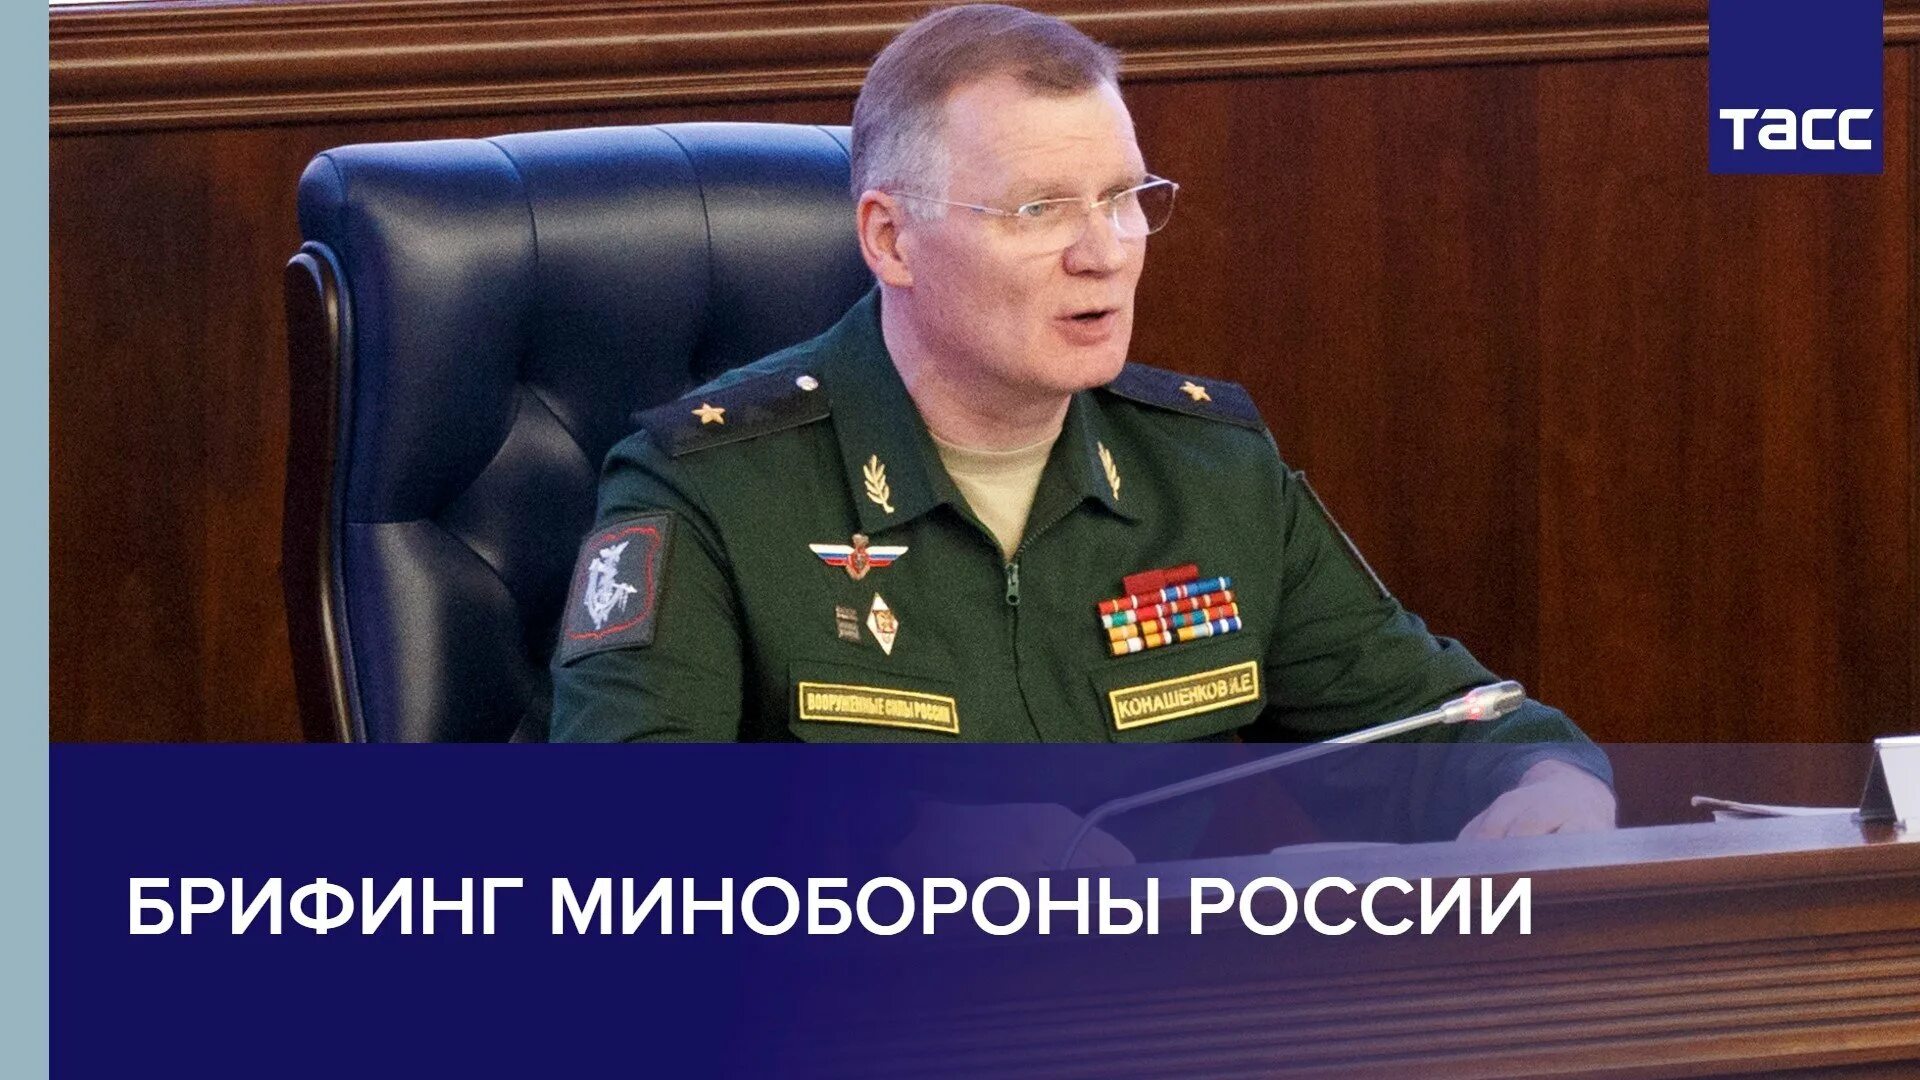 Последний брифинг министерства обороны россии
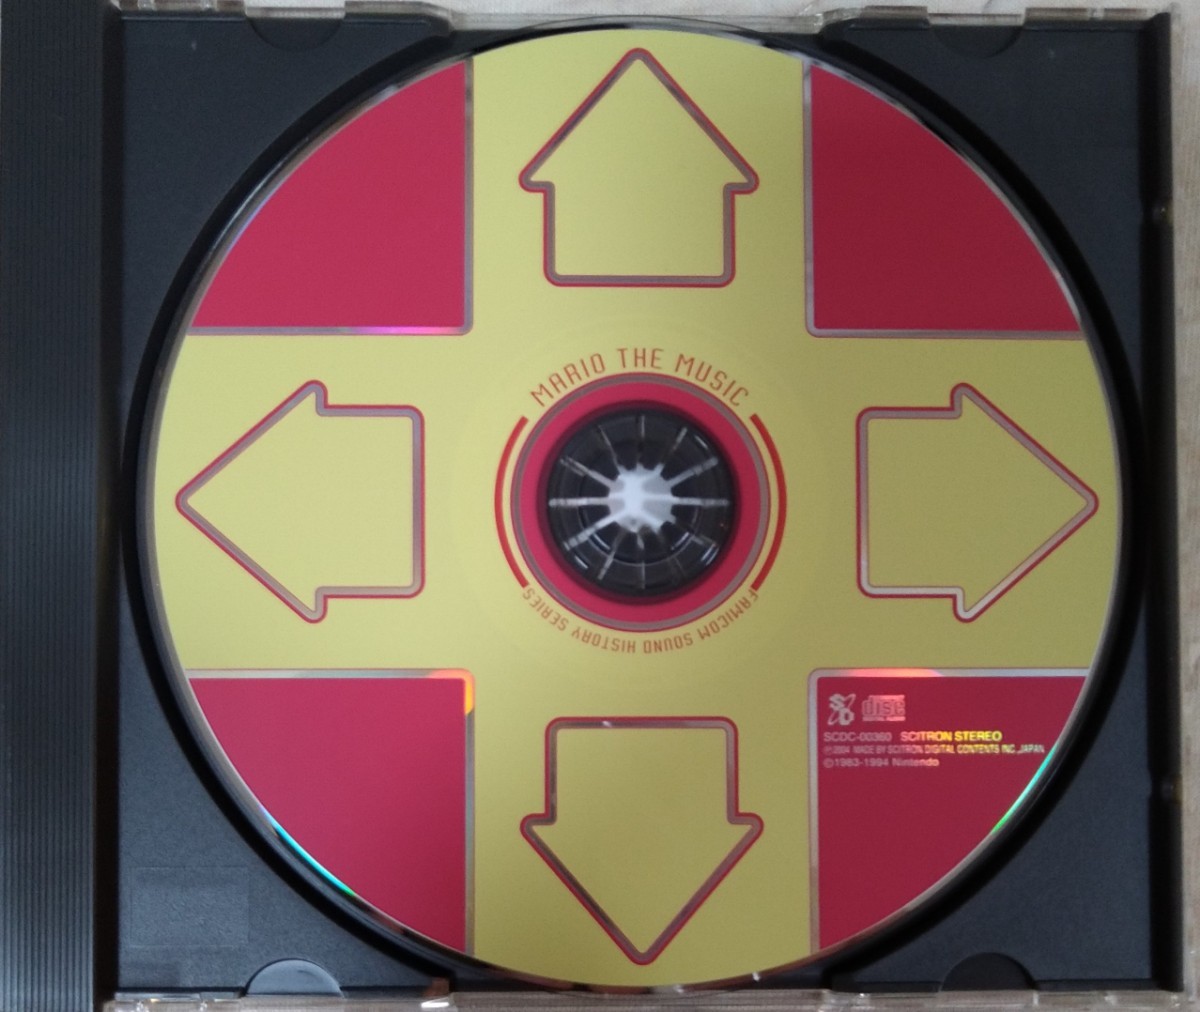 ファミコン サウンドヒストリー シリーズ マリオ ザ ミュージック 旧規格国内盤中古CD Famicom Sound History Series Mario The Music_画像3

───

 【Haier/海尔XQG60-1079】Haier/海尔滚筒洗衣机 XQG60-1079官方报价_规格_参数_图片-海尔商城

───

▶ _DIRECTIONS_
With the pictures omitted, print the lines above exactly, beginning at the line with "Последний брифинг министерства" and going on through the line with "ファミコン サウンドヒストリー シリーズ".

▶ _TASK SOLUTION_
 Последний брифинг министерства обороны россии
 ファミコン サウンドヒストリー シリーズ マリオ ザ ミュージック 旧規格国内盤中古CD Famicom Sound History Series Mario The Music_画像3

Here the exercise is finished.